A powerful CLI tool to transcribe and diarize audio/video files using AssemblyAI. Automatically identifies speakers and generates transcripts in multiple formats.
- 🎙️ Automatic speaker diarization
- 👥 Interactive speaker identification with context
- 📝 Multiple output formats (Markdown, SRT, TXT, JSON)
- 🕒 Timestamps for each segment
- 🔑 Secure API key management
- 💾 Smart caching for faster processing
- 💻 Cross-platform support
You can use meeting-diary
directly without installation using npx
or bunx
:
# Using npx (Node.js)
npx meeting-diary input.mp4
# Using bunx (Bun)
bunx meeting-diary input.mp4
If you prefer to install the tool globally:
# Using npm
npm install -g meeting-diary
# Using yarn
yarn global add meeting-diary
# Using bun
bun install -g meeting-diary
Then use it as:
meeting-diary input.mp4
meeting-diary input.mp4
This will:
- Transcribe and diarize your audio/video file
- Help you identify each speaker by showing their most significant contributions
- Generate a timestamped transcript in markdown format
meeting-diary input.mp4 -f txt # Simple text format
meeting-diary input.mp4 -f srt # SubRip subtitle format
meeting-diary input.mp4 -f json # JSON format with detailed metadata
meeting-diary input.mp4 -f md # Markdown format (default)

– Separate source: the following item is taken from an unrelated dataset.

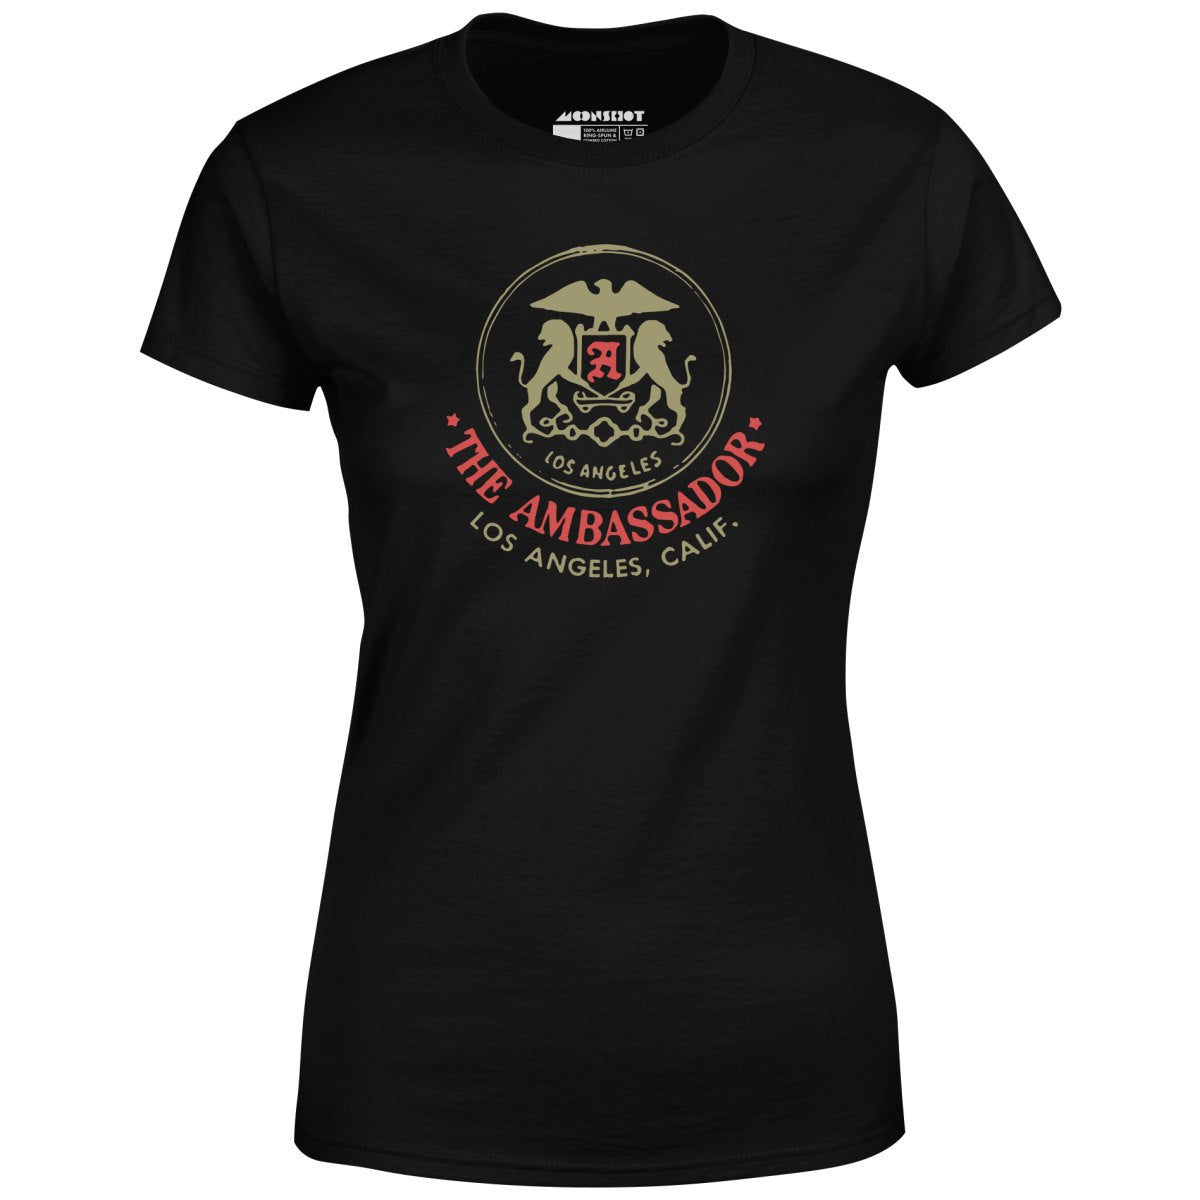 Ambassador Hotel - Los Angeles, CA - Vintage Hotel - Women's T-Shirt

The markdown format includes:
- Timestamp for each segment
- Speaker list
- Chronological transcript with speaker attribution
- Processing metadata
Example:
# Meeting Transcript
_Processed on 2/10/2024, 3:43:26 PM_
_Duration: 5 minutes_
## Speakers
- **Hrishi**
- **Alok**
## Transcript
[0:00] **Hrishi**: Yeah, didn't have a chance yet...
[0:15] **Alok**: No engagement in terms of my Mushroom photos.
[0:18] **Hrishi**: Basically Samsung phones have the ability...
You can identify speakers in two ways:
- Interactive identification (default):
meeting-diary input.mp4
The tool will:
- Show you the most significant contributions from each speaker
- Display context (what was said before and after)
- Show previously identified speakers for context
- Ask you to identify each speaker in turn
- Specify speakers up front:
meeting-diary input.mp4 -s "John Smith" "Jane Doe"
Options:
-o, --output <file> Output file (defaults to input file name with new extension)
-f, --format <format> Output format (json, txt, srt, md) (default: "md")
-s, --speakers <names> Known speaker names (skip interactive identification)
--skip-diarization Skip speaker diarization
-v, --verbose Show verbose output
--api-key <key> AssemblyAI API key (will prompt if not provided)
--no-cache Disable caching of uploads and transcripts
--cache-dir <dir> Directory to store cache files
--no-interactive Skip interactive speaker identification
-h, --help display help for command
The tool automatically caches uploaded audio files and transcripts to avoid unnecessary re-processing. This is especially useful when:
- Experimenting with different output formats
- Re-running transcription with different speaker names
- Processing the same file multiple times
Cache files are stored in your system's temporary directory by default. You can:
- Disable caching with
--no-cache
- Change cache location with
--cache-dir
- Cache is enabled by default for faster processing
- Cache files are automatically cleaned up by your OS's temp file management
You'll need an AssemblyAI API key to use this tool. You can:
- Set it as an environment variable:
ASSEMBLYAI_API_KEY=your-key
- Pass it via the command line:
--api-key your-key
- Let the tool prompt you for it (it can be saved for future use)
# Clone the repository
git clone https://github.com/southbridgeai/meeting-diary.git
cd meeting-diary
# Install dependencies
bun install
# Build
bun run build
# Run tests
bun test
# Development mode
bun run dev
Apache-2.0 - see LICENSE for details.
Contributions are welcome! Please feel free to submit a Pull Request.